В конце концов я научилась заряжаться энергией от земли. Я шла в сад и поддевала вилами комья земли, и небывалая мощь входила в пальцы ног, поднималась по тугим икрам и оседала в моих, уже дьяволицыных, чреслах — как постоянное напоминание, как зуд. Это был знак: пришел конец ожиданию, настала пора действовать.
10
Карвер жил в сарае на краю Райских Кущ, возле стадиона, где он работал сторожем. Ему перевалило за шестьдесят, лицо у него было небритое и морщинистое, но глаза блестели по-молодому. На руках кожа у него была грубая и красная, зато на животе — белая, тонкая и упругая. Сарай стоял на стыке теннисных кортов и беговой дорожки и служил для того, чтобы Карверу было где хранить газонокосилки и прочий инвентарь и где находиться самому, карауля вверенное ему имущество в течение дня. В последнее время он и ночевал тут же: устраивался на каком-нибудь мате, прикрывался замусоленным одеялом — иногда спал, иногда просто лежал. Жалованье ему платили из местной казны — отчасти из милосердия, отчасти за работу.

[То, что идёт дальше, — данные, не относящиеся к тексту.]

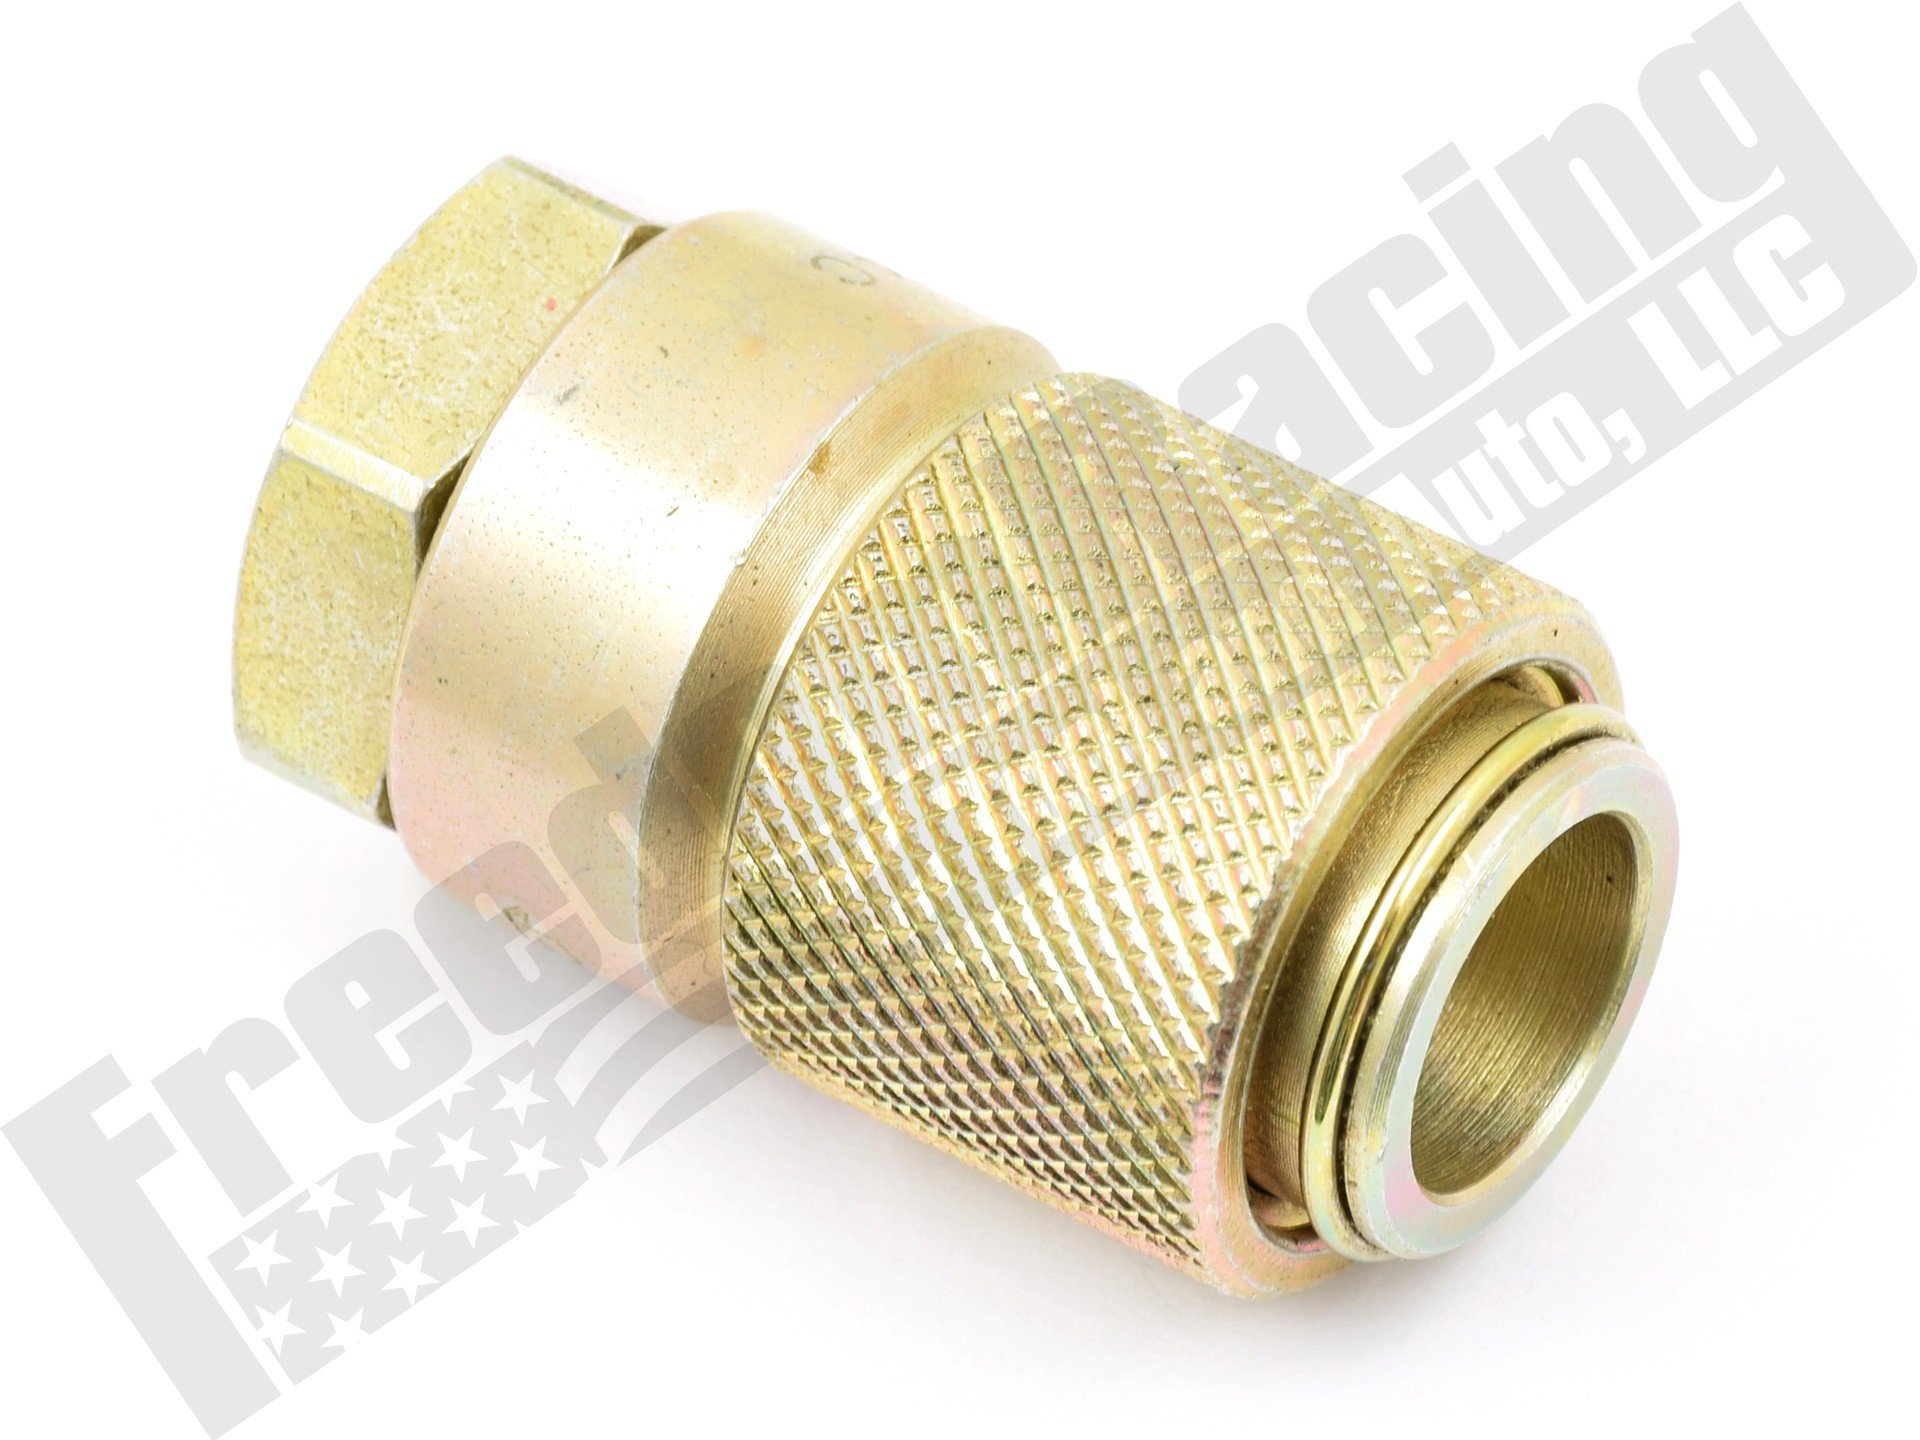 Ford OTC Rotunda 310-145 4.5L Diesel Oil Pressure Leak Test Adapter Tool

Он исправно докладывал о налетах пчел на охраняемую территорию и нещадно гонял мальчишек и влюбленные парочки.
Считалось, что Карвер повредился головой, спасая тонущего ребенка, — было это давно, на каком-то далеком побережье. По этой причине представительницы женского населения Райских Кущ, подавая очередную петицию с требованием найти ему замену, не настаивали, чтобы его попросту вышвырнули с позором, а лишь просили досрочно отправить его на пенсию. Замужние женщины, матери семейств, по дороге в школу за детьми или в магазины вынуждены были ходить мимо стадиона, поскольку именно там пролегала дорога и в школу, и в магазины, и всякий раз им приходилось ускорять шаг и прятать глаза. Иногда он просто пялился на проходящих женщин, а иногда расстегивал штаны и кое-что им показывал. И хотя ни одна из обвинительниц лично с этим безобразием не сталкивалась, у всех находились какие-то знакомые, которые это видели.
Карвер смотрел на дорогу, по которой к нему приближалась Руфь. Ему нравилось, что ее темные глаза полыхают огнем, нравилась ее могучая поступь. В отличие от прочих замужних дам и мамаш, обутых в изящные туфельки на каблучках, она не семенила мелкими шажочками. На ней были туфли без каблуков — может, потому что на ее Ножищу ни одни модельные туфли просто не лезли. Карвер не сомневался, что рано или поздно она зайдет к нему на чашку чая. Он всегда заранее знал, с кем у него возникнет близость, как знал и другое: все, что от него (и вообще от любого) требуется, когда будущий партнер зафиксирован сознанием, это набраться терпения и ждать. А любовь — и это он понял очень давно — не что иное, как способность предвидеть либо блаженство, либо муку.
Карвер умел желать — но желать не до безумия, он умел надеяться — но не до отчаяния, и ждать — но не до бесконечности. Карверу нравилось плыть по течению судьбы: то немного отнесет в одну сторону, то в другую, то вдруг бросит в водоворот желаний и надежд — словно рыбка в безмятежном потоке времени.
— Заходи, чайком побалуемся, — окликнул он ее из-за ограды теннисного корта, когда она поравнялась с ним. И она зашла.
Руфь пила чай из потрескавшейся кружки. В железной печке у дальней стены сарайчика догорали дрова, хотя стояло лето. Они устроились поближе к огню, рядышком, близко-близко как если бы на дворе была зима. Старые газеты покрывали пол сплошным ковром. Они сидели, прижавшись друг к другу. Она занимала ровно в два раза больше места, чем он, но ни его, ни ее это, по-видимому, не смущало. Глаза ее сверкали. Он вслух удивился, отчего это.
— Глаза у меня сверкают, когда я знаю, чего хочу, — сказала она.
— Чего же ты хочешь?
Ответ он знал наперед: деньги или секс — важнее в жизни нет ничего.